= Extracted material =

+ + +

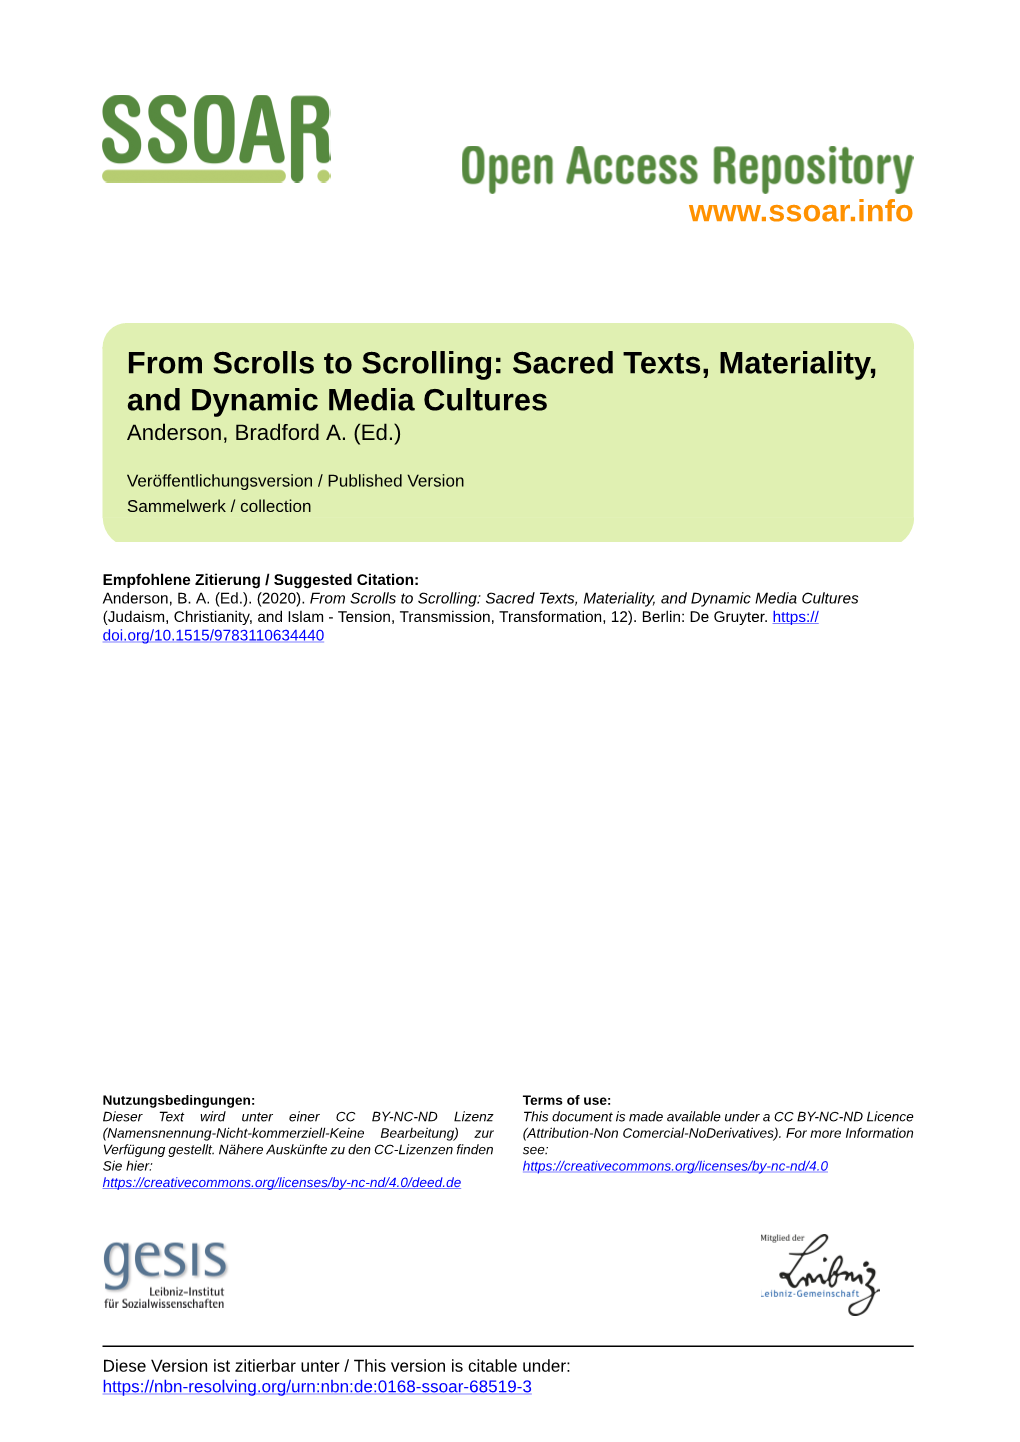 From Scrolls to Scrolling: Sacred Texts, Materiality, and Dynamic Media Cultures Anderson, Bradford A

+ + +

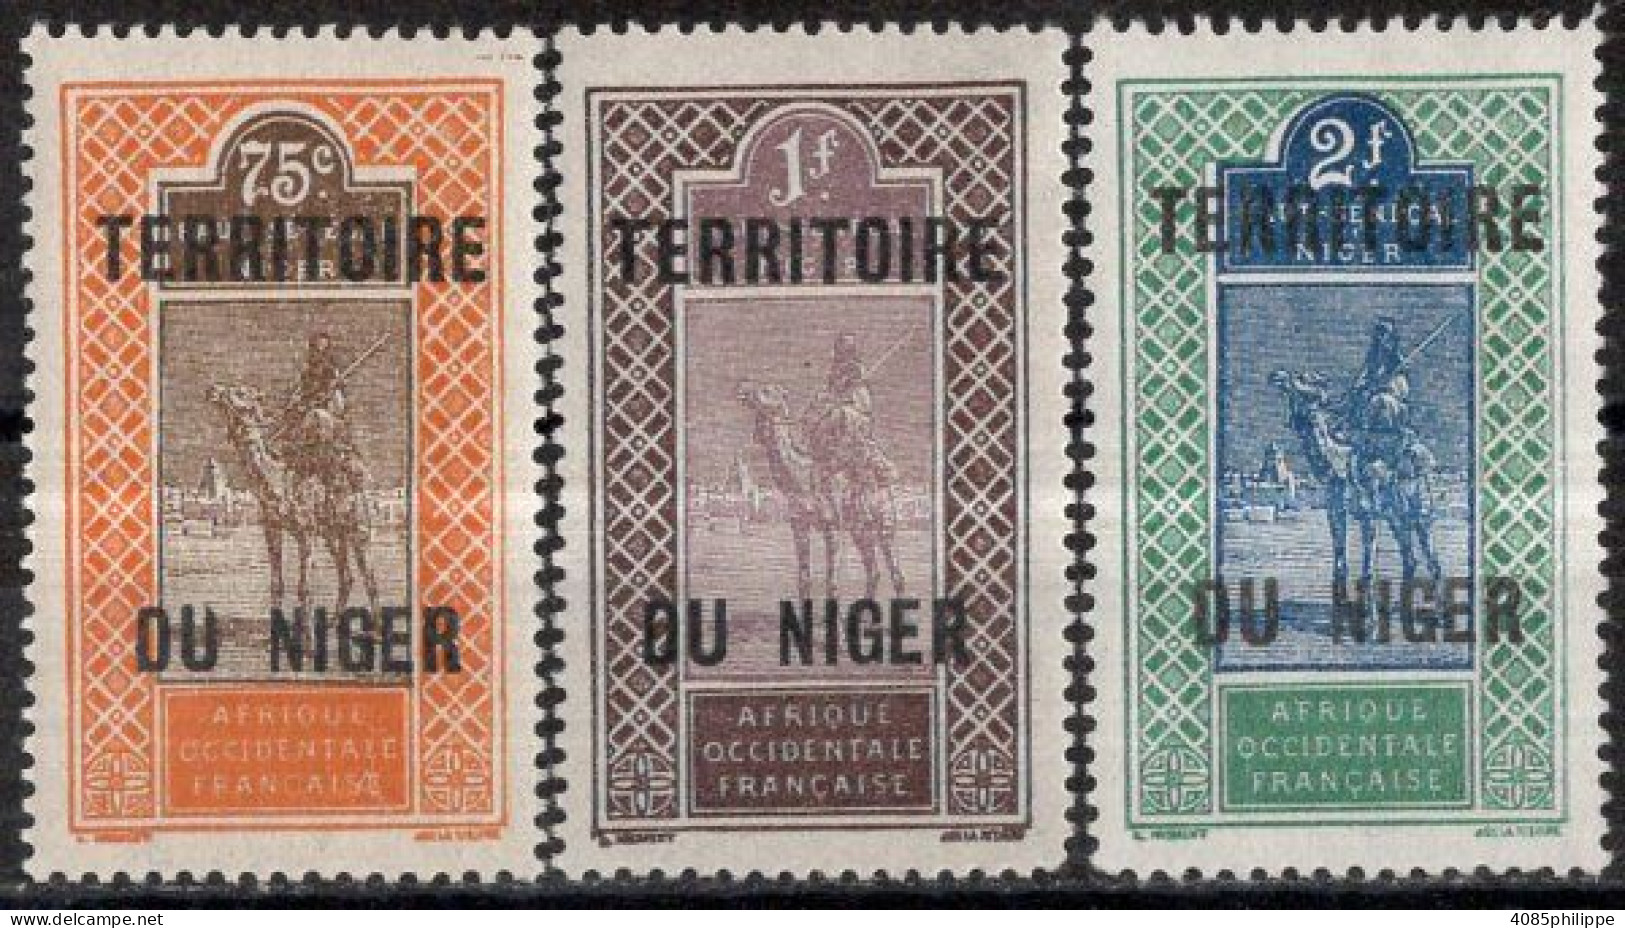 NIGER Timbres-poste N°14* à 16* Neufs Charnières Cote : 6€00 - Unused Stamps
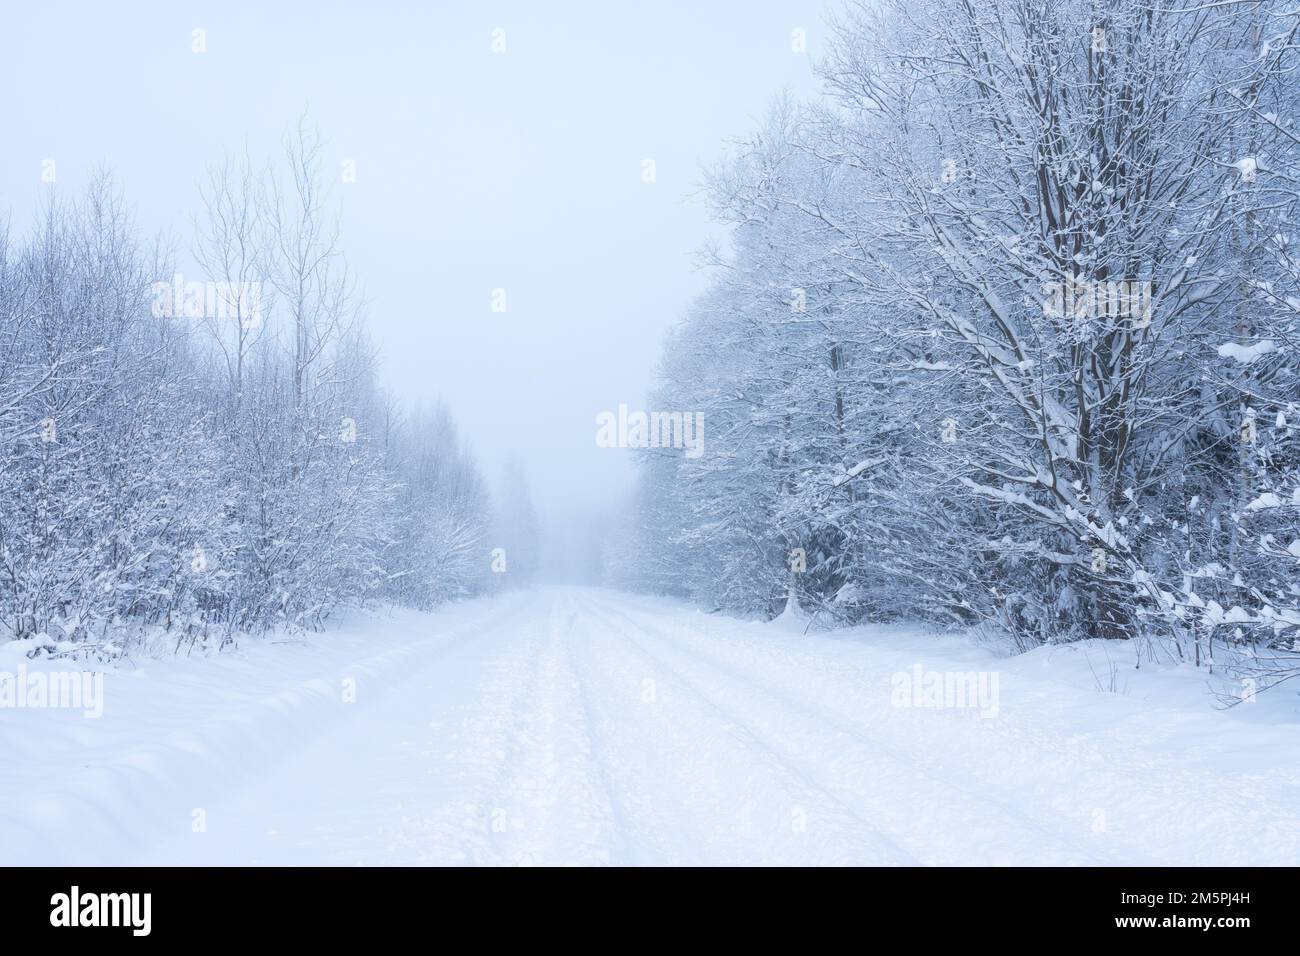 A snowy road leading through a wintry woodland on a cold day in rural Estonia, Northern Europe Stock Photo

+ + +

= What to produce =
Look through the material above. Transcribe exactly the lines between the ones with "NIGER Timbres-poste N°14*" and "A snowy road", inclusive, and keep pictures out.

= Answer box =
 NIGER Timbres-poste N°14* à 16* Neufs Charnières Cote : 6€00 - Unused Stamps
 A snowy road leading through a wintry woodland on a cold day in rural Estonia, Northern Europe Stock Photo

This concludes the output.